To test protein-ligand interactions, the key mechanisms for most drugs, without any external disturbances caused by molecular labelling or immobilization.
Protein ligand interaction is one of the most fundamental and widely studied areas in biology and chemistry because of their close relation to many diseases and disease therapies. Nearly all diseases including cancer, neural disorders, infectious diseases, cardiovascular diseases, renal diseases, metabolic diseases, immune diseases, etc. are connected to the abnormality of protein-protein or protein-ligand interactions. Unfortunately, all the current methods for in-vitro protein-ligand tests use either labels (often fluorescent) or ligand immobilization, both of which can produce substantial disruptions and introduce artifacts. These limitations have caused significant delay and cost increase in drug development. A new method is proposed and investigated to fundamentally solve the above problems, allowing precise in-vitro tests of the binding strength and kinetics of proteins ligand interactions to accelerate the process of drug discovery. The work can have significant impact on public health and the country's healthcare by shortening the time and saving the cost for drug discovery. The proposed research will also contribute to education and training of new generation of scientists for multi-disciplinary research involving biology, biochemistry, biophysics and engineering. The research also includes significant outreach activities to engage middle and high school students and underrepresented minority students to advance the STEM efforts.
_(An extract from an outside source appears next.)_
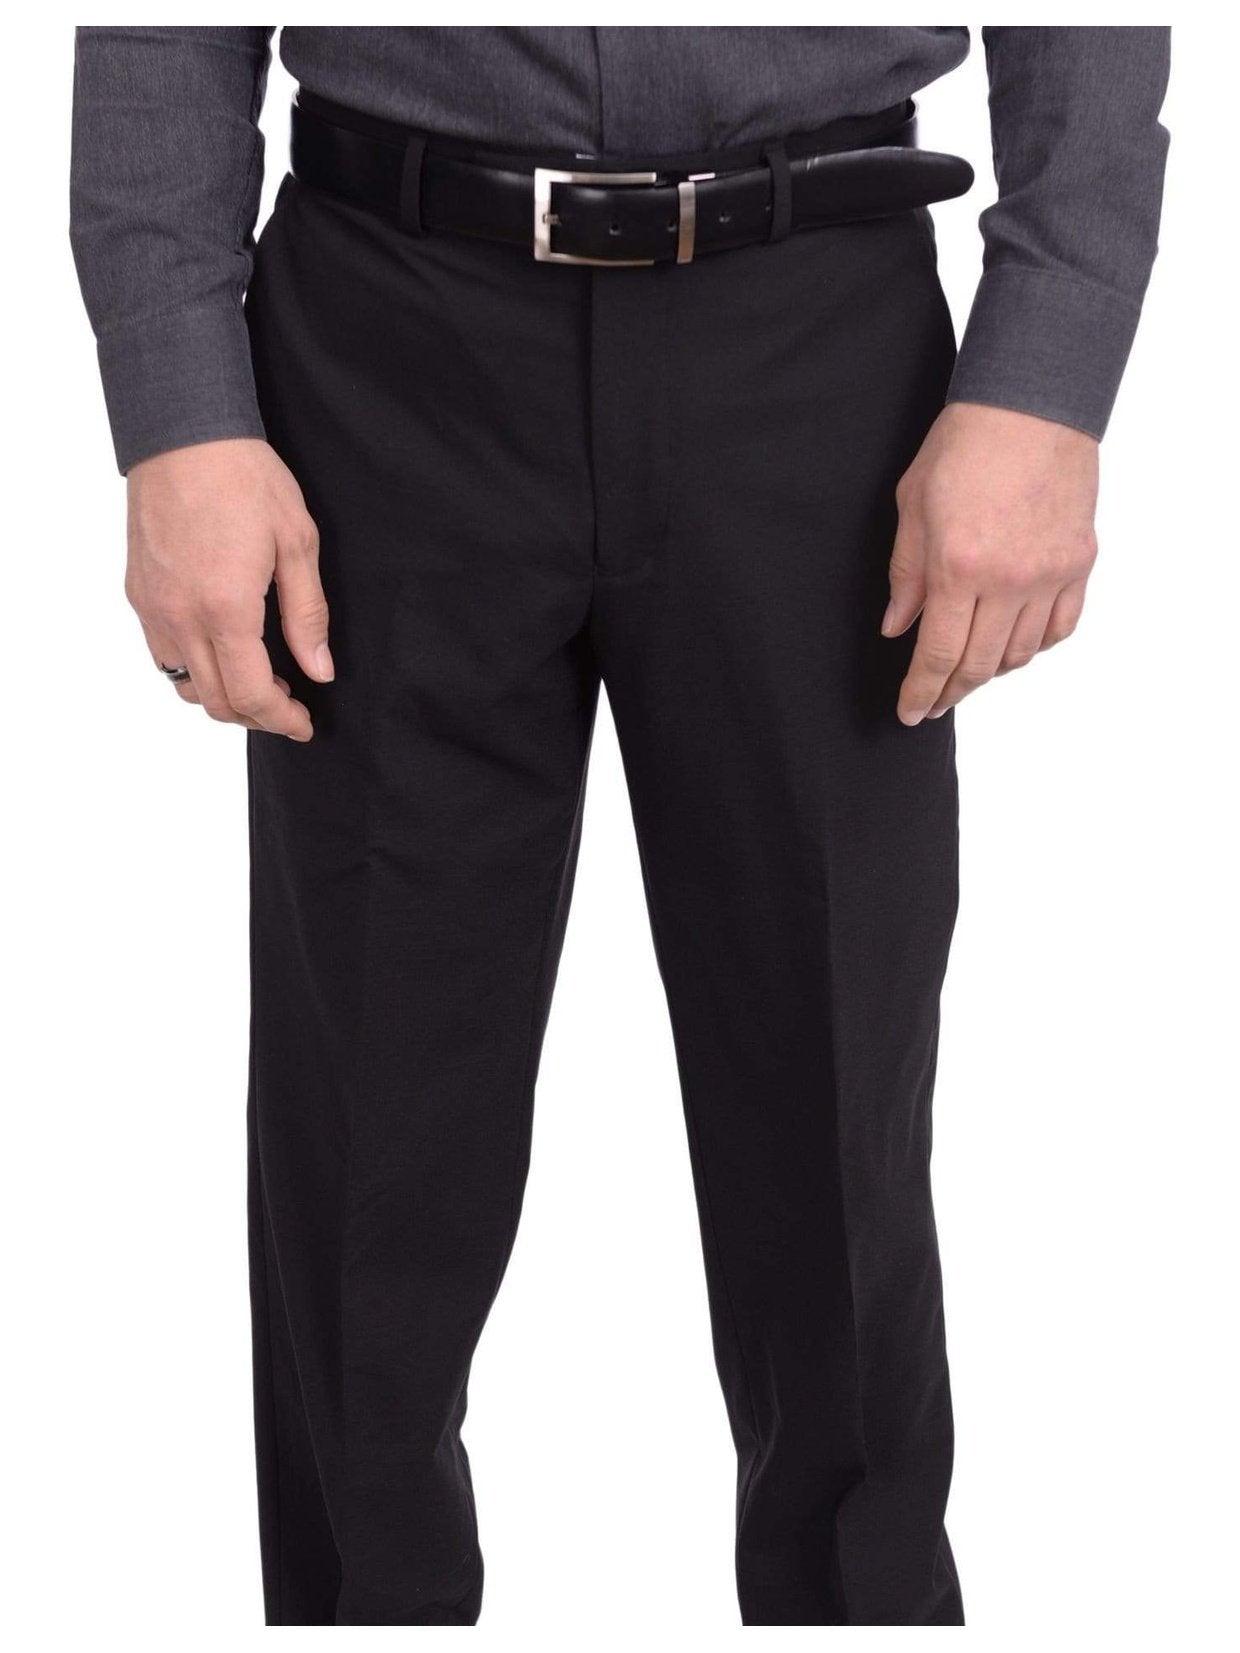 Wrangler Regular Fit Black Dress Pants,82Bk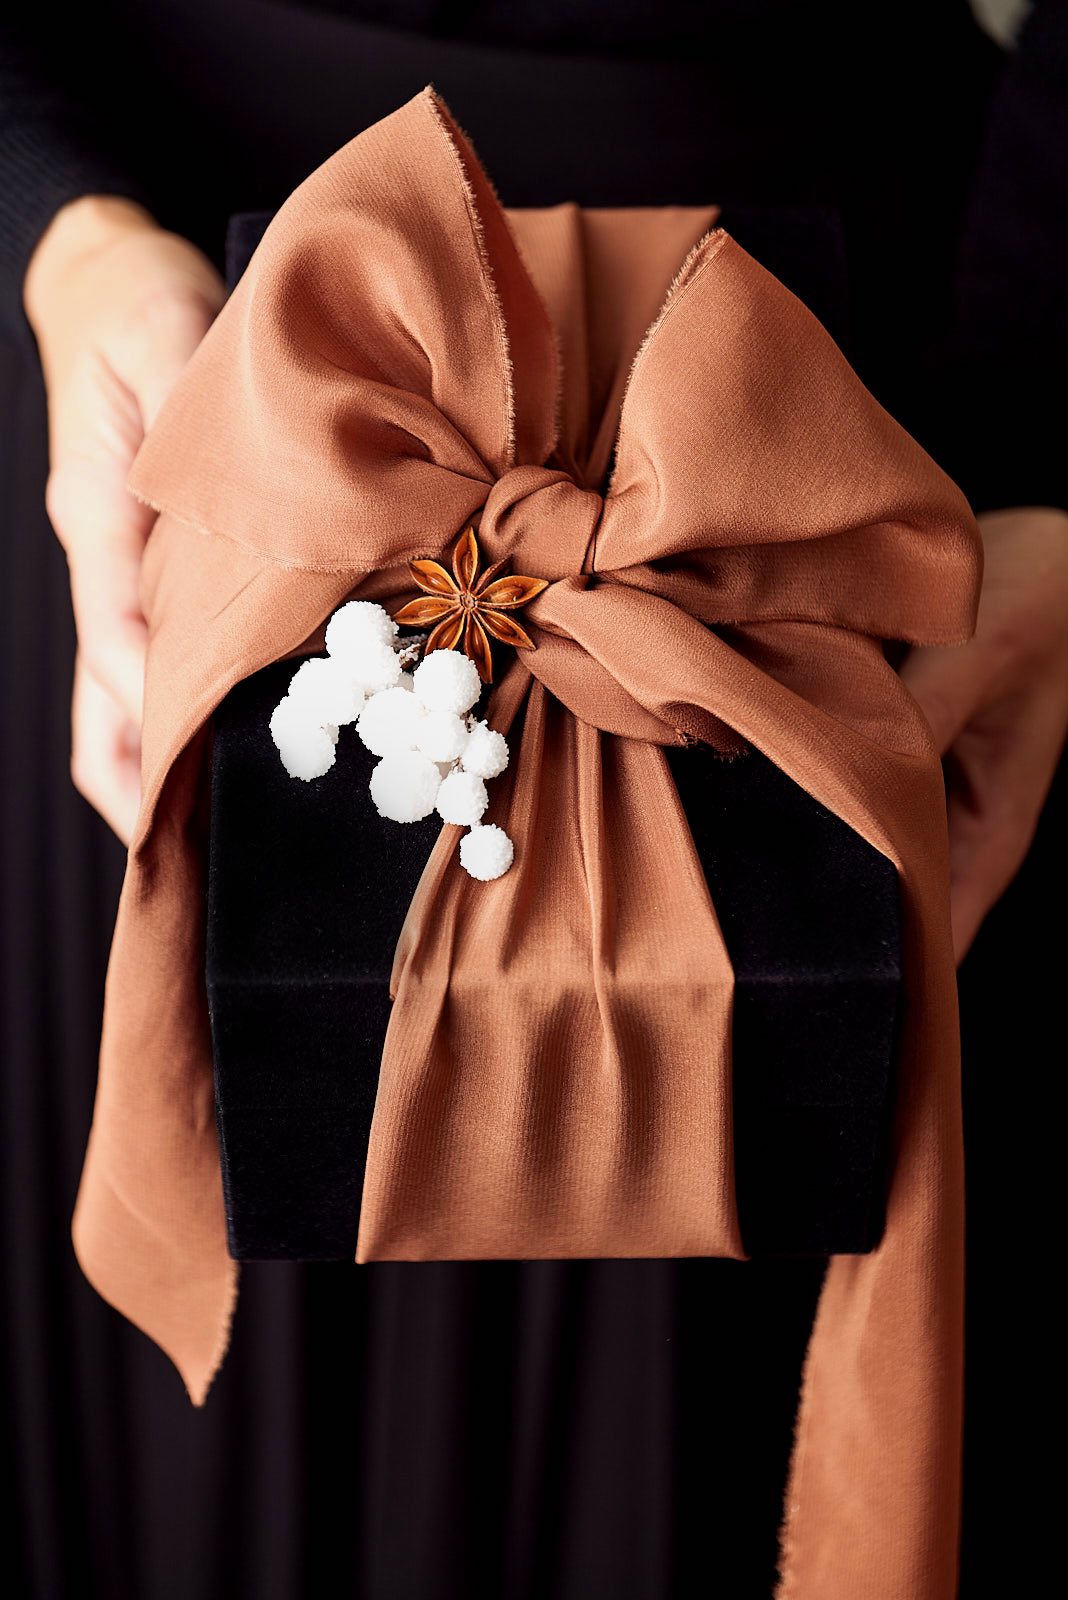 HOME Impression Originale beau cadeau avec noeud en soie offert nov2020

Since a protein and ligand have a large molecular weight and size difference (e.g.,100 kDa versus 1 kDa), linking organic fluorescent molecules to a protein or ligand can perturb or even change the binding properties. Similarly, the bioactivity of protein depends on its 3D configuration. Immobilization of the molecules limits its degree of freedom for binding, thus often yielding results different from reactions in physiological conditions. Lacking a precise method of in-vitro detection of protein-ligand interactions without any external disturbances has presented a major challenge for mid to late stage drug tests. Drug companies have often conducted unnecessary and unsuccessful human trials while the failures should have been detected earlier if a precise in-vitro test method exists. The most significant scientific and technological contributions of the proposed research will be the development of the method of Transient Induced Electronic Molecular Spectroscopy (TIMES) that allows label-free and immobilization-free detection of protein-ligand interactions. The TIMES method measures the signal caused by the dipole moment change when protein and ligand form protein-ligand complex. When integrated with ultralow noise electronics and microfluidics, the new µTIMES system will enable researchers to collect unprecedented rich information with high timing resolution and enhanced signal-to-noise ratio. This method will be applied to quantitative studies of protein-ligand and protein-aptamer interactions by measuring the dissociation constant and reaction kinetics.